I think Anne from the History Men captured some pictures of the slumbering QM on her mobile and has threatened to put them on the website with a 'Suggest a suitable caption' competition!  I hope she does.

So, all in all one of the funniest and most entertaining, if one of the quickest, quizzes we have had to participate in.

Fr M gives his unique slant on the evening in his weekly missive even further below.

Quiz Paper Verdict

This week the paper came from X-Pats.  All round a good solid paper enjoyed by all who've written in.  No themes in the structure but the traditional 'first half/second half pairings'.  This format usually meets with approval from all parties.  There were no contentious issues as far as I can tell.  At the Fletcher Moss they chose one of the flag pair as QotW.  My favourite pair were the racehorse questions (Round 4/8 Q5).  The 'penny-drop' when I got the Round 8 half of the pair was most satisfying.

The Question of the Week

The Dogs & Pigs went for Round 3 Q5:

Which country has, this month, changed its national flag so that the horse is now facing left rather than right - and has added an eighth star to honour the country's founding father from 1813?

Click here to see the answers to this and the rest of the week's questions and answers.

Chatterbox

Cup Fixtures

NB:  If you look at the fixtures page you'll see the timetable and draw for the cup competition posted.

Note the Plate has been reintroduced after being rested last season.

Also note the complicated formulae for determining who goes through and who sets.  To be sure of getting it right I strongly recommend checking up on the website each week.

 

Voice from the Net

An email from John Holden of (I think) the Stockport league, on the issue of results affected by wrong answers in the quiz paper:

Appeals......Where do I begin to comment on an appeals system in which an anorak in a garret with reference books scours the question paper the day after?

In our league my team has been involved in one appeal in eleven seasons, which is probably MORE than the average.

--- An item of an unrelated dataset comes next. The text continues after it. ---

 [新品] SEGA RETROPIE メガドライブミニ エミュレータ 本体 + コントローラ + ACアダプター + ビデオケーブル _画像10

That statistic proves that 99.9% of problems are handled by the QM and the two teams; just as in Withington.

The difference is that every time our opponents give a correct answer they do so knowing it can’t lose them the quiz, but you don’t afford your opponents that comfort.

It doesn’t sound like a big difference, but by crikey it is. It makes for a more relaxed game, gives the QM a safety net and lets the setters sleep more easily.

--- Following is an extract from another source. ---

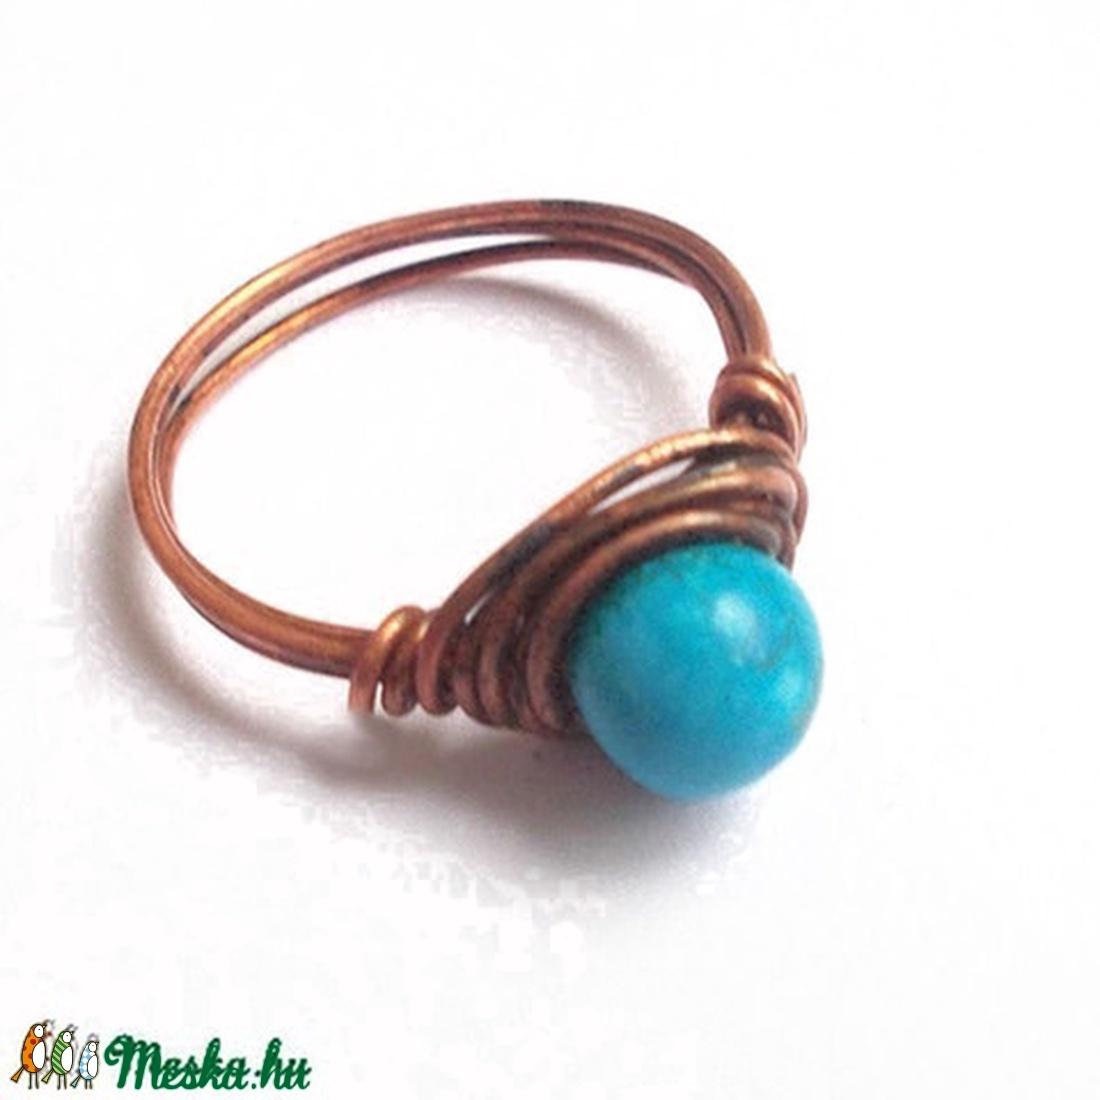 Türkinit és vörös réz gyűrű (colorosa) - Meska.hu 5abb91c115

Your solution to the situation where the other team insists their answer is correct, and you and QM don’t know, is apparently to expect them to grin and bear it, because you would grin and bear it if you were in their shoes; OR to concede the point every time?

Our solution is that both teams are happy for the QM to put a mark against the question and move on. At the end of the quiz, if the question made no difference to the result, no appeal can be made. It’s neat, civilised and (blindingly obviously) fair.

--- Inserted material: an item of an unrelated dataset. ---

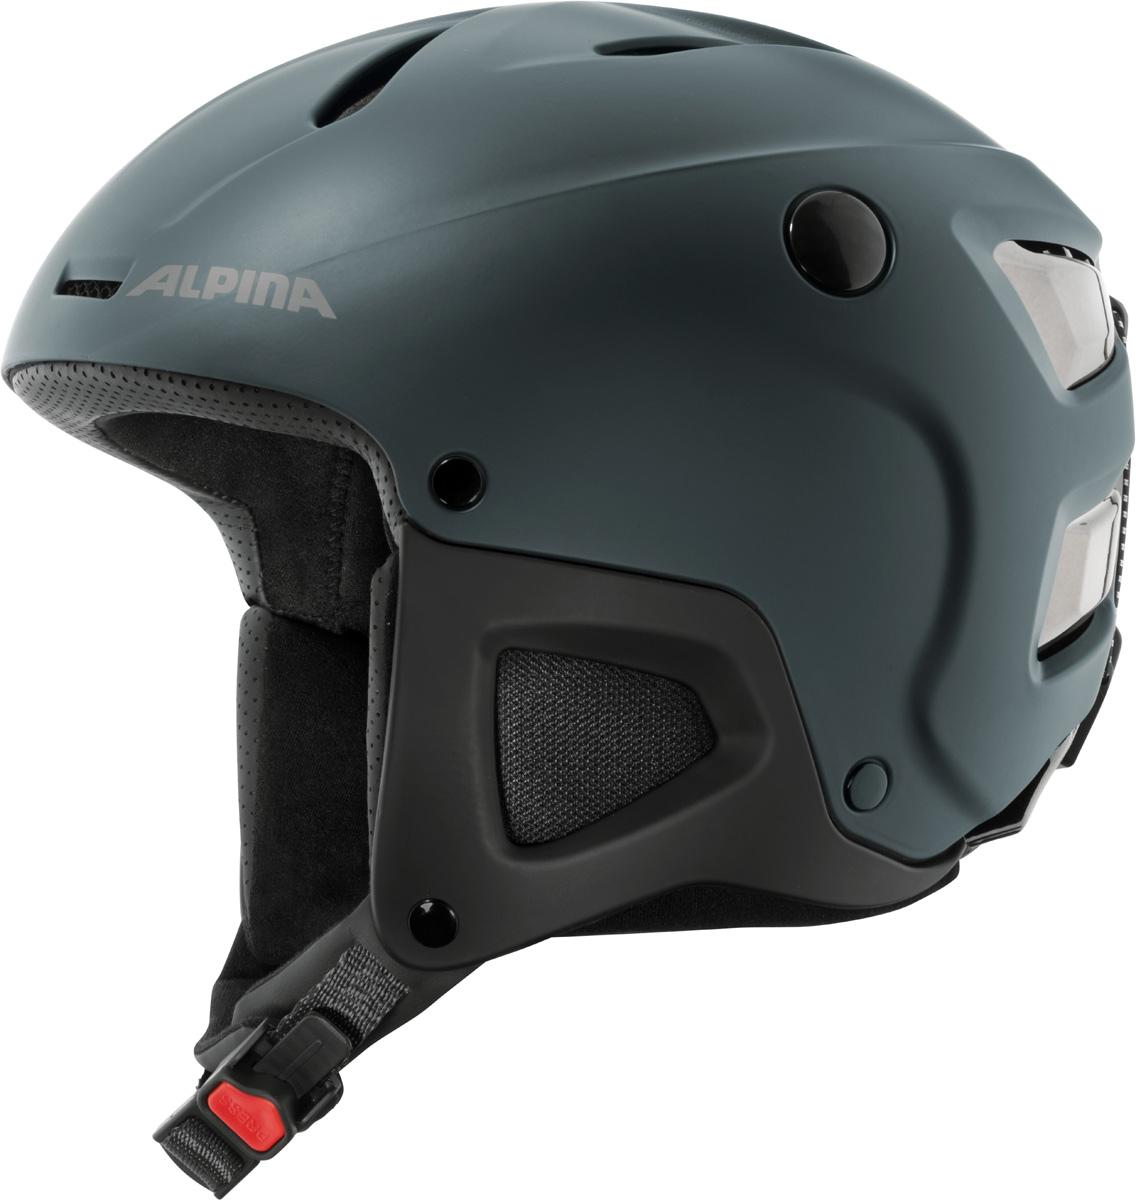 Шлем горнолыжный Alpina Attelas, цвет: темно-синий. A9089_80. Размер 53-58A9089_80Запатентованная новая революционная технология ERGO3 позволяет подстроить размер верхней части шлема по голове. Простая и интуитивно понятная регулировка позволяет добиться идеальной посадки на голову любой формы. Точная система с храповым замком позволяет простым движением руки сделать шире или уже и внутреннюю часть шлема. Система ERGO3 обеспечивает не только изменение объема, но и комфорт третьего поколения.Что взять с собой на горнолыжную прогулку: рассказывают эксперты. Статья OZON Гид

Evening work stopped me playing in Withington ten years ago, but I still feel part of the league, and this fantastic website has added to my sense of involvement and reminded me of the brilliance of your quiz papers, so I hope people don’t mind me contributing.

John Holden

Fr Megson

Battle of More Marstons re-enacted at the Red

A Chairde,

Very much a skirmish of two halves last night with Fr. Megson's roundheads taking the high ground in the first half and Prince Ivor of the Bann mopping up resistance and leading a valiant if belated counterattack in the second.  Unfortunately for Ivor the first half contained 7 rounds and the second half consisted solely of round eight.  Hence the somewhat inevitable futility of the comeback. 

In between bouts of internecine warfare with their QM Ivor remained philosophical about the result.

"I thought we tossed well tonight and ultimately that was our undoing",

he blurted cryptically,

"In philosophical terms I thought FCEK played a very astute game. Much of their knowledge was a priori whereas it soon became obvious that our knowledge tonight was argued very much from an a posteriori position. At least I assume that is what our QM meant to say when he said we were shite!  But what else would you expect an auld epistemologist like him to say?"

The QM was quick to retaliate by cuddling his man-bag and falling asleep.